The insight sounds simple: everything that's deterministically computable shouldn't come from the LLM. Import paths can be calculated by Rust. Export keywords can be added by a regex. Code patterns for Express routes or socket handlers can be injected as templates.

Four concrete fixes in v8 made the difference:

First: ensure_exports() — a Rust regex that automatically adds export before every declaration in the types file. The LLM regularly forgets this. The regex solves it at 100%, costs zero tokens.

Second: deterministic import paths. Instead of letting the LLM guess whether the path is ../../shared/types or ../../../shared/types, Rust computes the correct relative path from source and target position.

Third: a structured export map. Services export instances, not classes. Routes export routers. Clear rules instead of LLM interpretation.

Fourth: code pattern injection by file type. An Express route gets a concrete snippet with Router() and relative paths. The LLM doesn't have to invent the structure, just fill in the business logic.

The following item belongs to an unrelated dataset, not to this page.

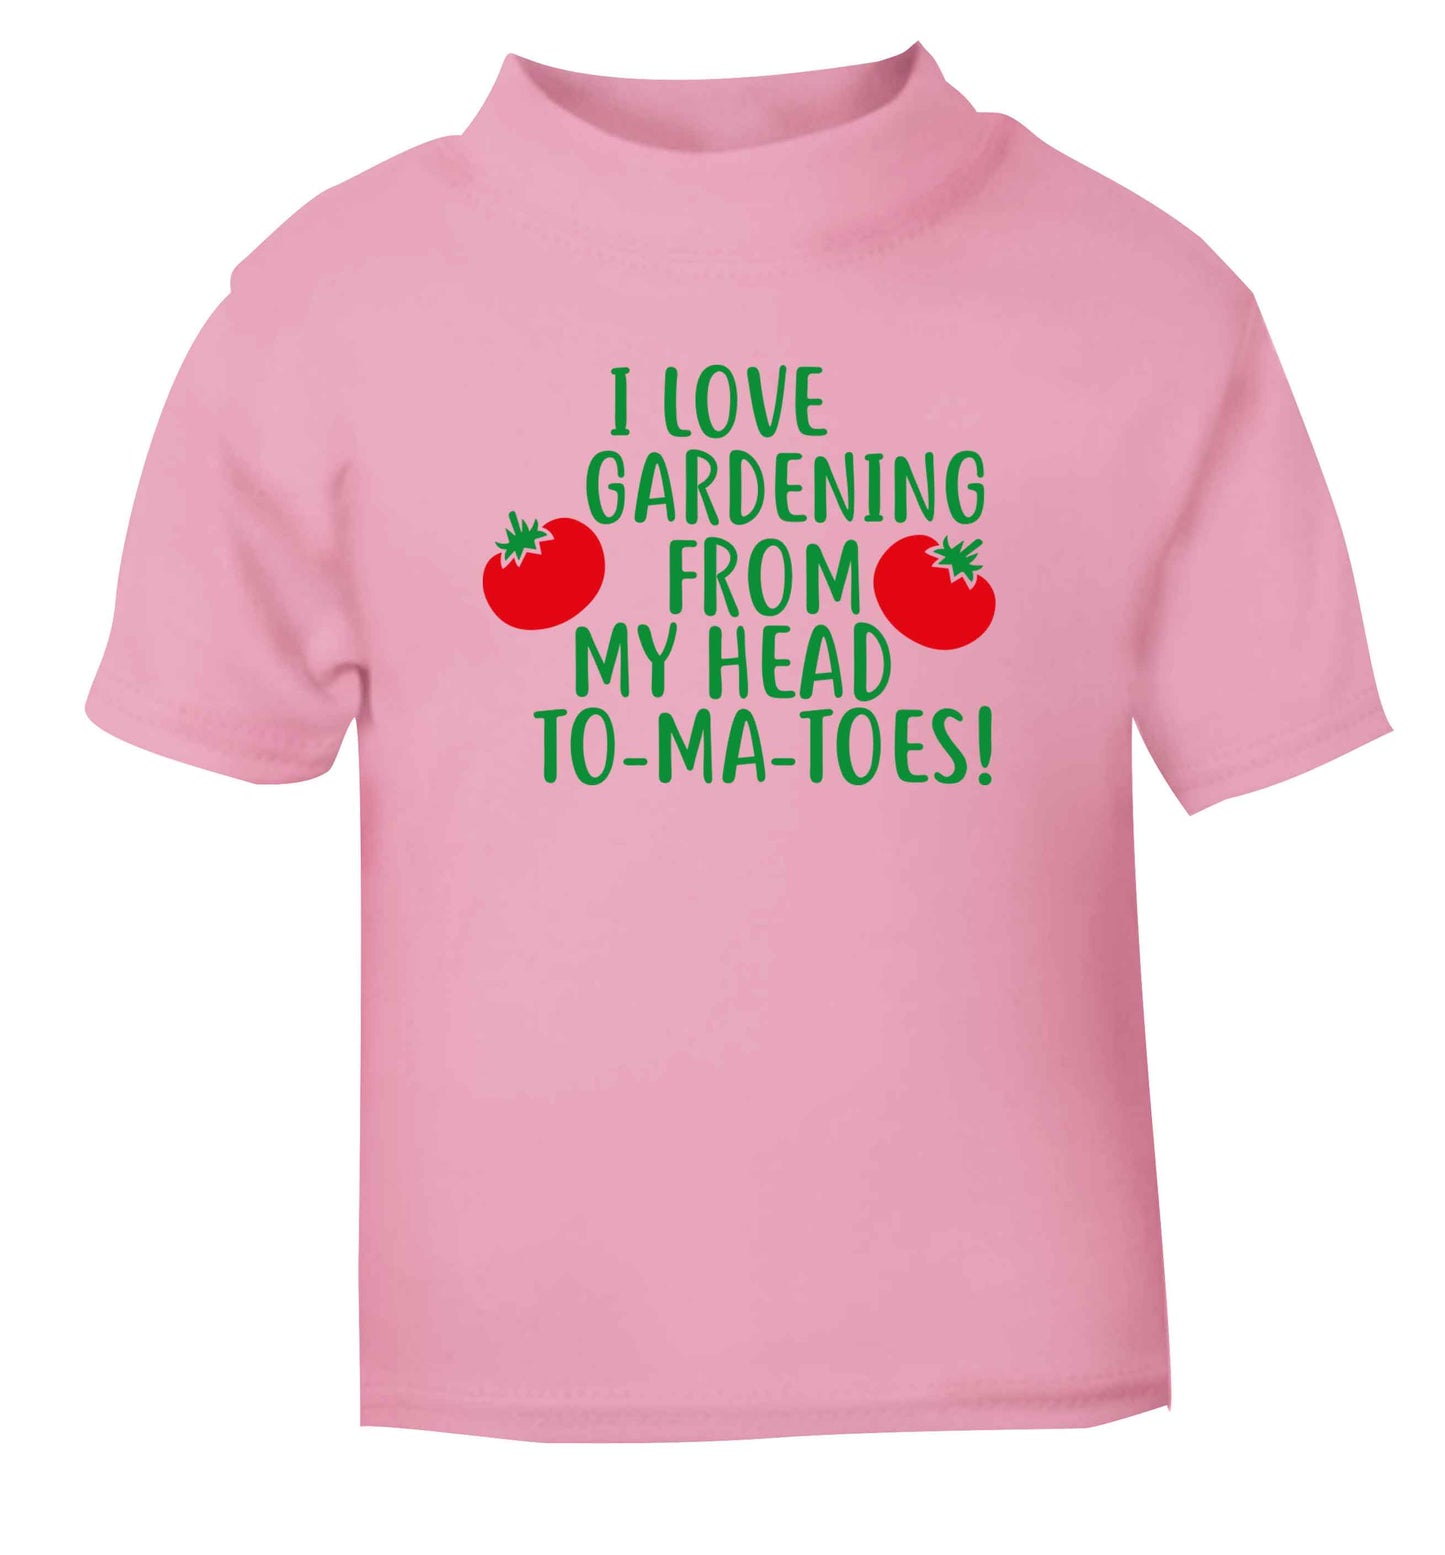 I love gardening from my head to-ma-toes light pink Baby Toddler Tshirt 2 Years

The difference: if you tell the LLM "Use relative paths," it occasionally ignores that. If you give it a concrete code snippet, it implements it correctly almost every time.

What came out of it

Performance curve across 8 versions
PERFORMANCE — OVER 5,000 TOKENS PER SECOND

The chat app from the benchmark has rooms, messages, auth, Socket.IO integration, and a notification system. Not a toy app.

The numbers from v8:

  • 34 files with a total of 2,217 lines of code
  • 13.3 seconds total time
  • Combined throughput: over 5,300 tokens per second
  • Build phase alone: ~6,300 tok/s
  • 16 agents in parallel on Scout-17B
  • Consistency score: 1.0 — all imports match, all types fit

The parallel speedup is 4.78x — not 16x, because pass 0 and pass 2 must run sequentially and Groq has concurrency limits. The theoretical maximum would be somewhere around 6-8x.

What doesn't work yet

React components are still tricky. JSX is too creative for templates, and type imports are sometimes missing. Controllers occasionally call service methods with wrong arguments. And the DB layer is inconsistent — sometimes Sequelize, sometimes raw SQL, sometimes MongoDB-style in the same project.

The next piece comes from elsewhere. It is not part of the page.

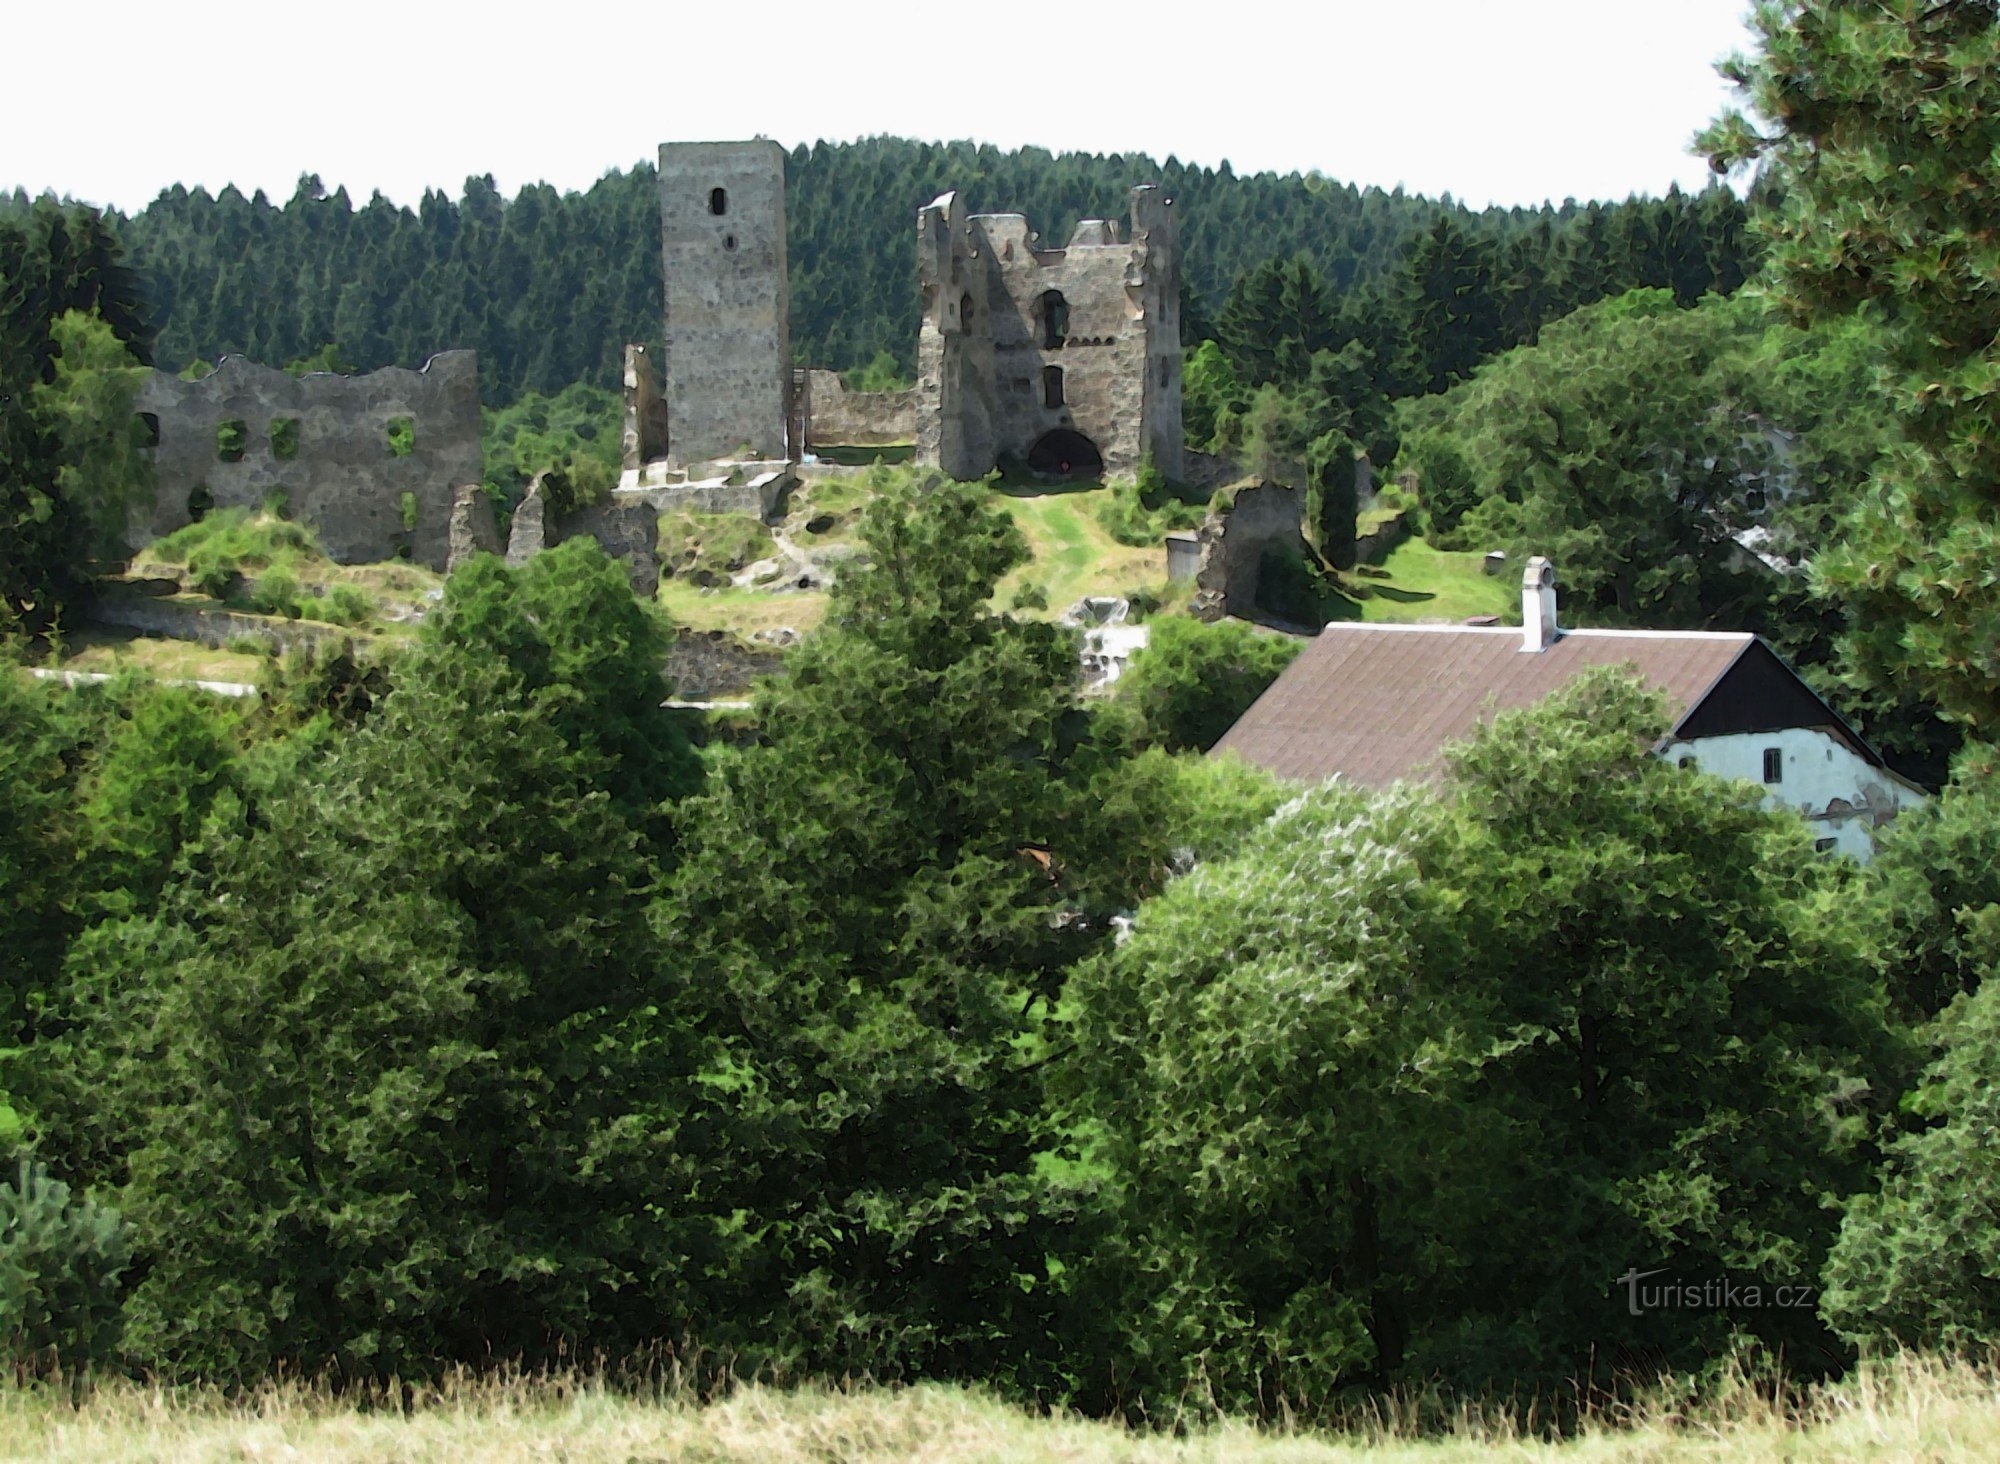 To the ruins of the Rokštejna castle and to the Brtnice valley

These aren't unsolvable problems, but they show where 17B models hit their limits: tasks that need more context and reasoning than a few files.


What's next

The next step is a cartridge system: Rust-based templates that provide the file skeleton — imports, exports, structure — and the LLM only fills in the business logic slots. That reduces the LLM portion per file to maybe 30-40% of the code.

Long-term, a meta-agent will create new templates when no existing one fits, and learn from validator feedback. The system then improves with every run. But that's still future work.